The lawyers representing the defendants said a short presentation made sense because they had already spent more than a month cross-examining the prosecution’s chief witness.

“The heart of the case was Ernest Castro, and then we called witnesses who remembered things” Castro said he didn’t remember, said Deputy Public Defender Ellen Barry.

The case has been billed by the U.S. attorney’s office in Los Angeles as a major effort to combat the Mexican Mafia, a secretive prison gang with 200 to 400 members. It has been growing in influence among L.A.’s street gangs by, among other things, recruiting local gangbangers into the group.

The defendants are accused of murder, extortion and threats of violence in a case that, for the first time, employs federal racketeering and conspiracy charges against the Eme, as the gang is commonly called.

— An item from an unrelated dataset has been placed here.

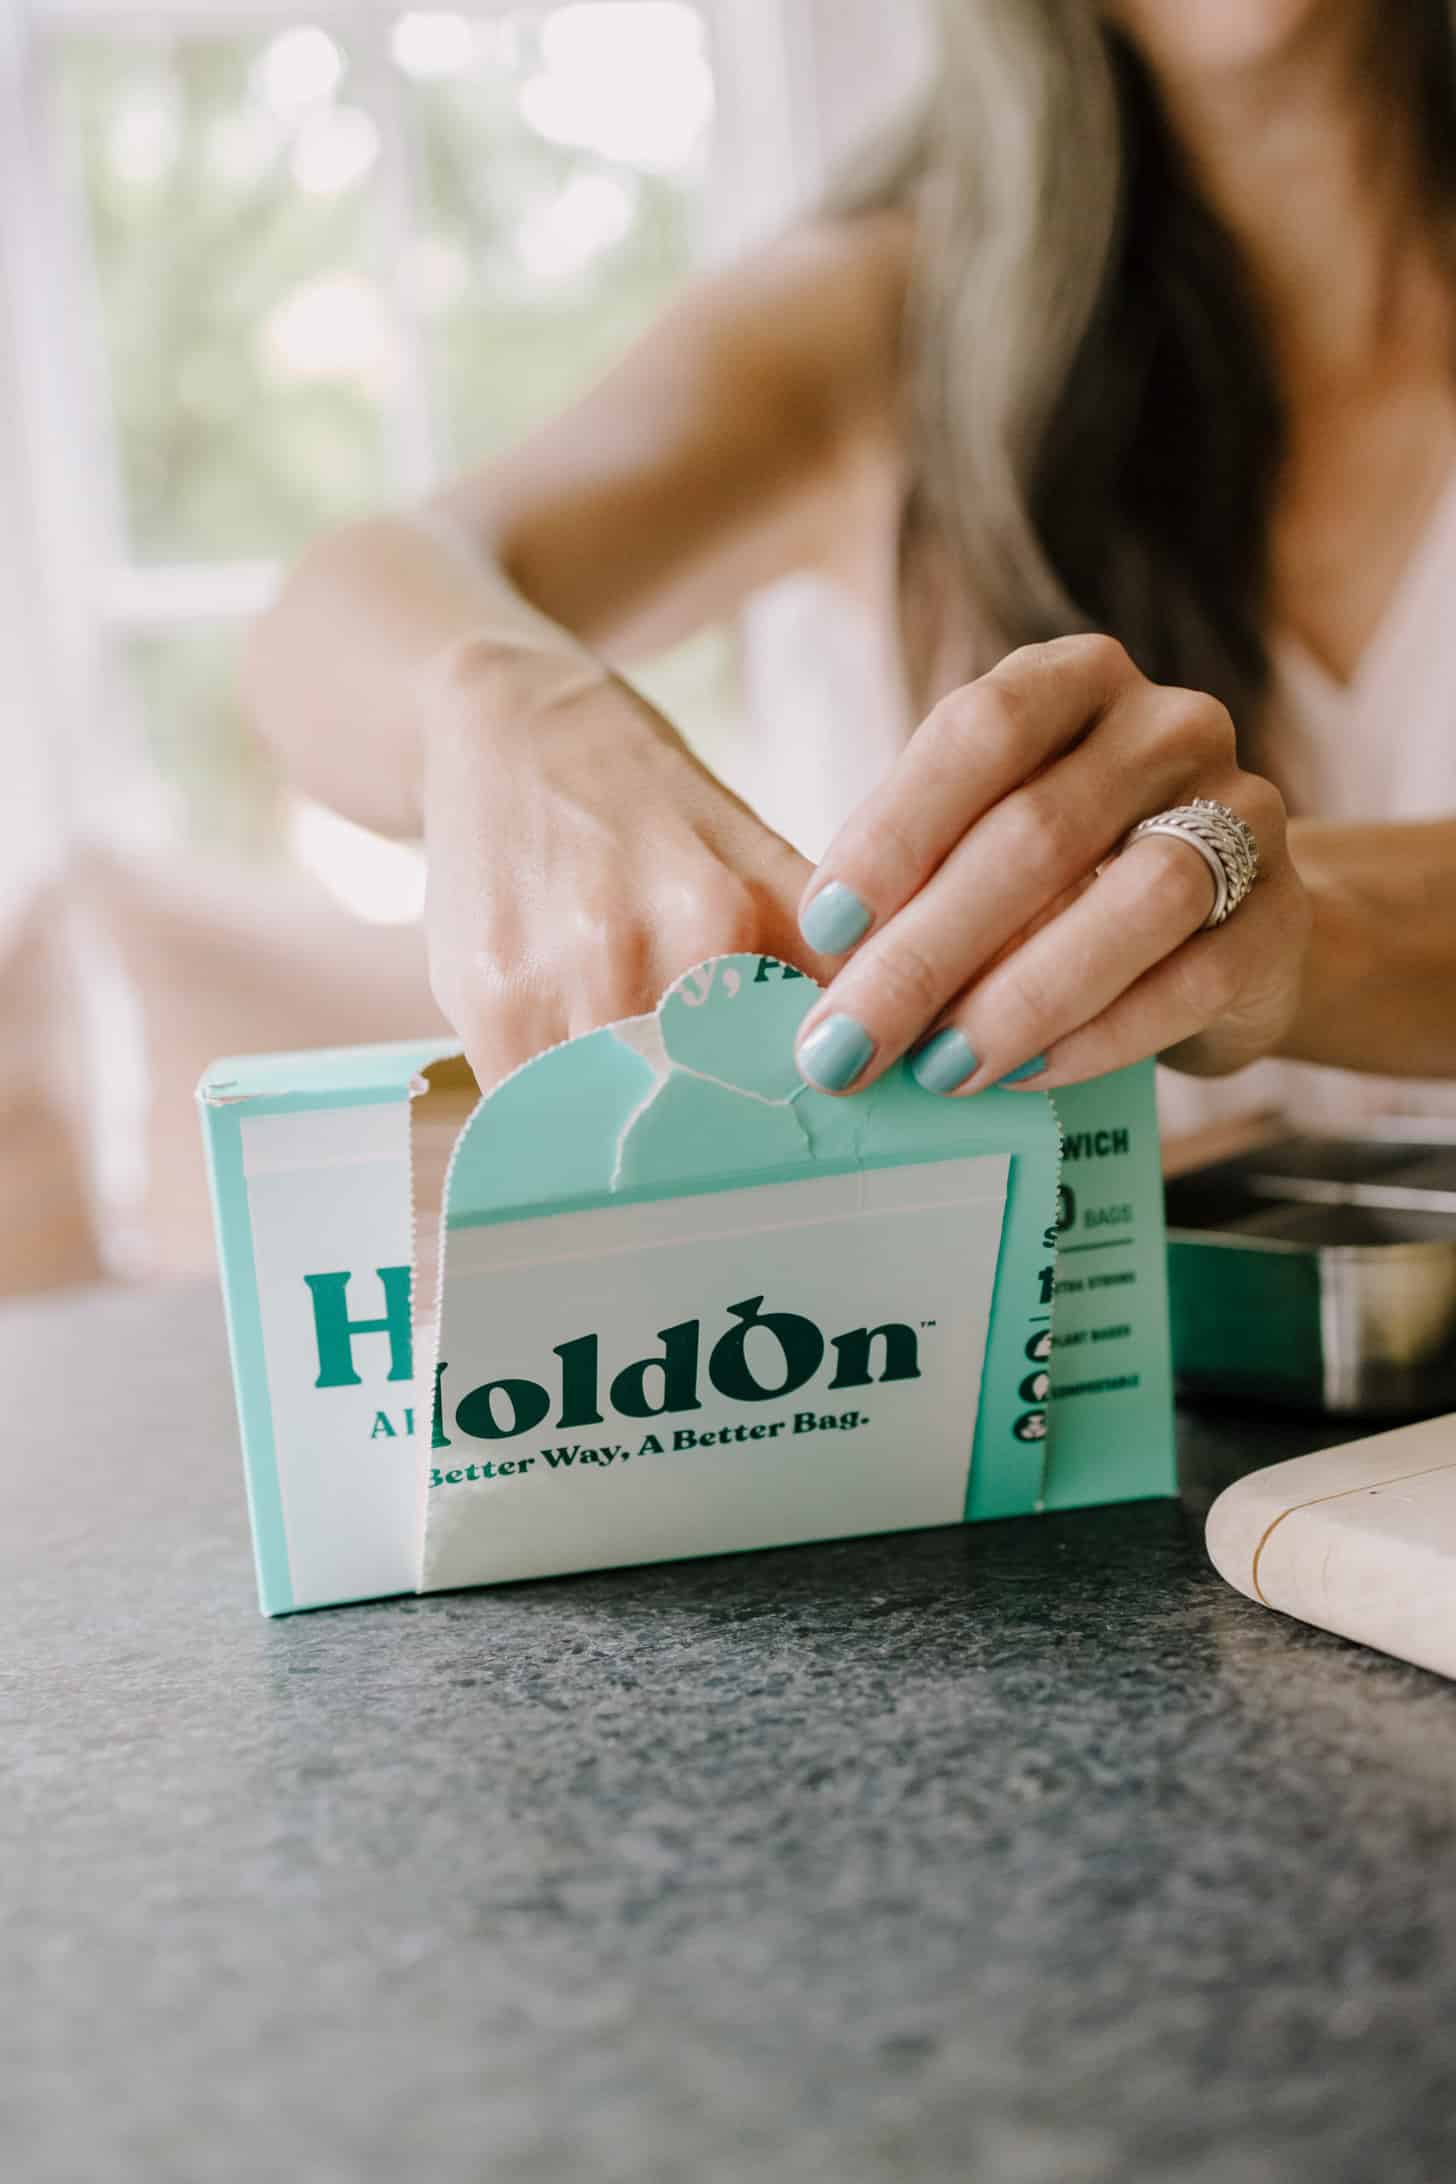 a woman with painted fingernails opens a box of HoldOn compostable bags
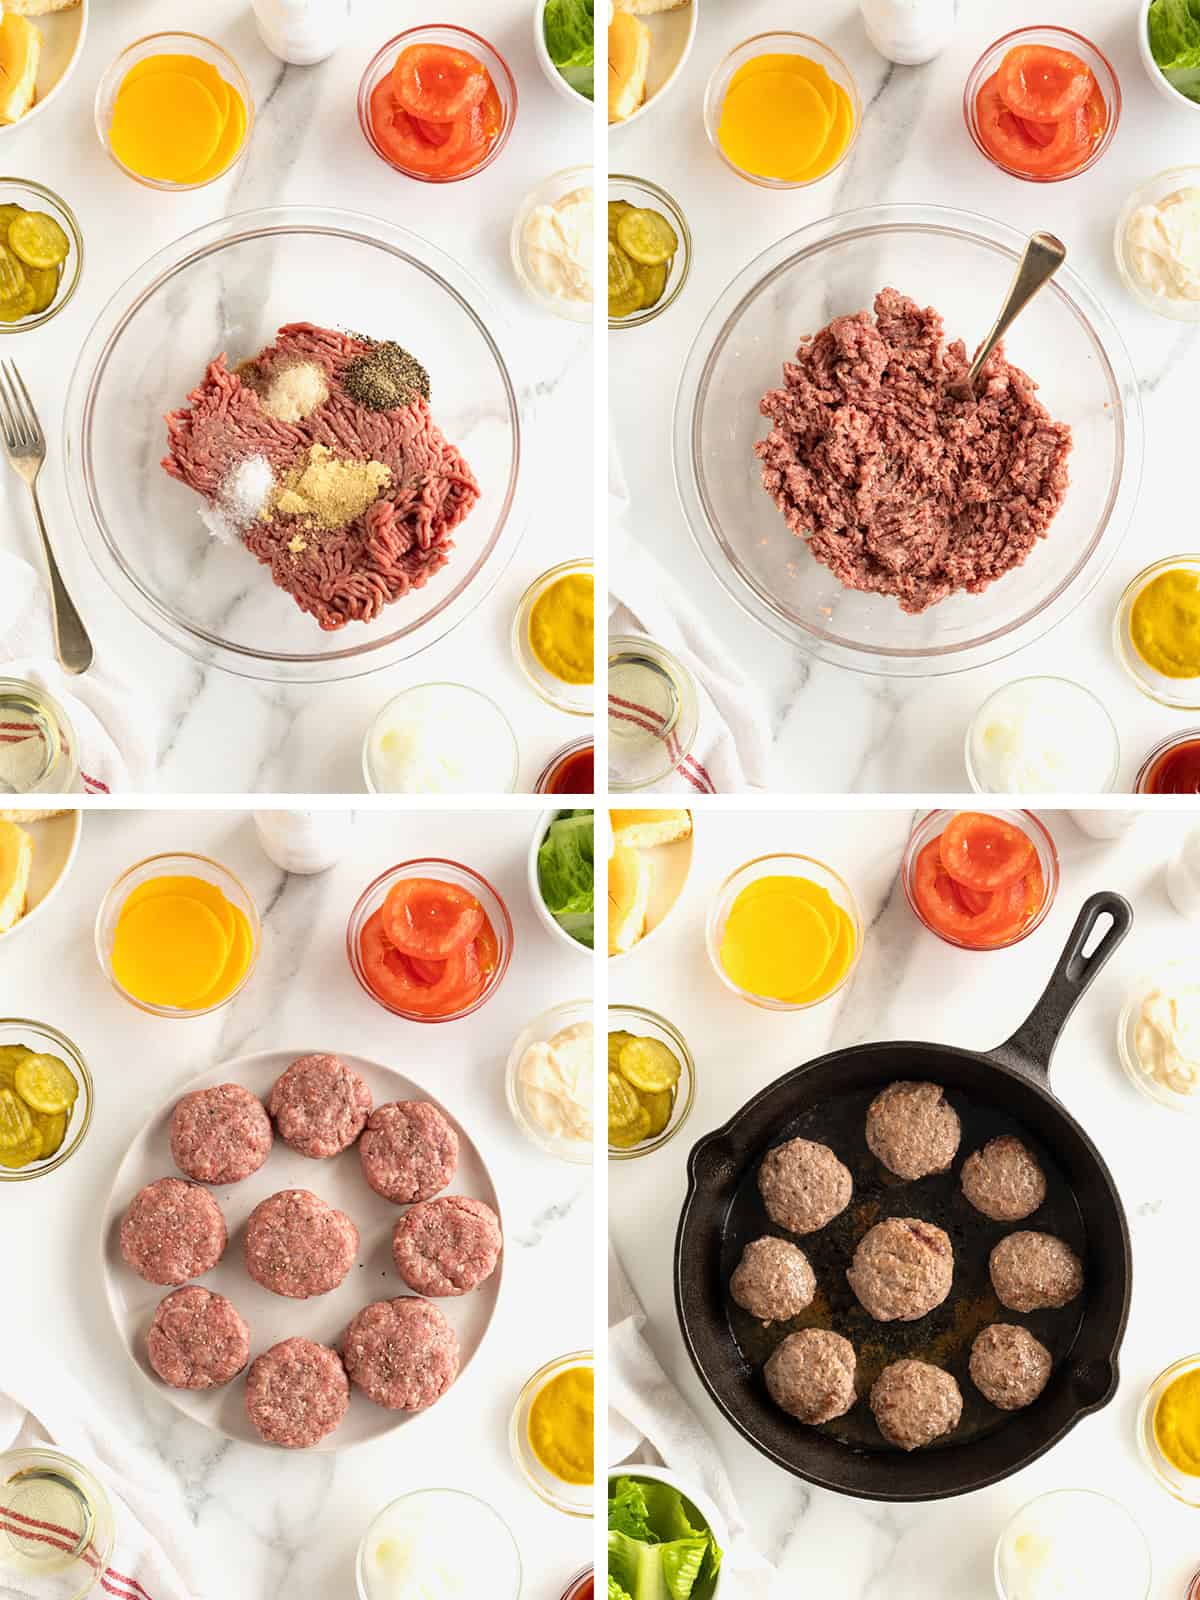 Steps to make sliders in a cast-iron skillet.

Among the charges against them are the murders of three unpaid advisors to the 1992 prison gang film “American Me,” which starred Edward James Olmos.

Prosecutors took 4 1/2 months to present their case, laying out the evidence in more than 200 secretly recorded videotapes and audio recordings in which the defendants were heard discussing Eme business.

Much of the evidence was based on the testimony of former Eme member Castro, who provided rare insight into the gang’s inner workings. He agreed to become a government informant after being arrested in November 1993 for possessing illegal weapons.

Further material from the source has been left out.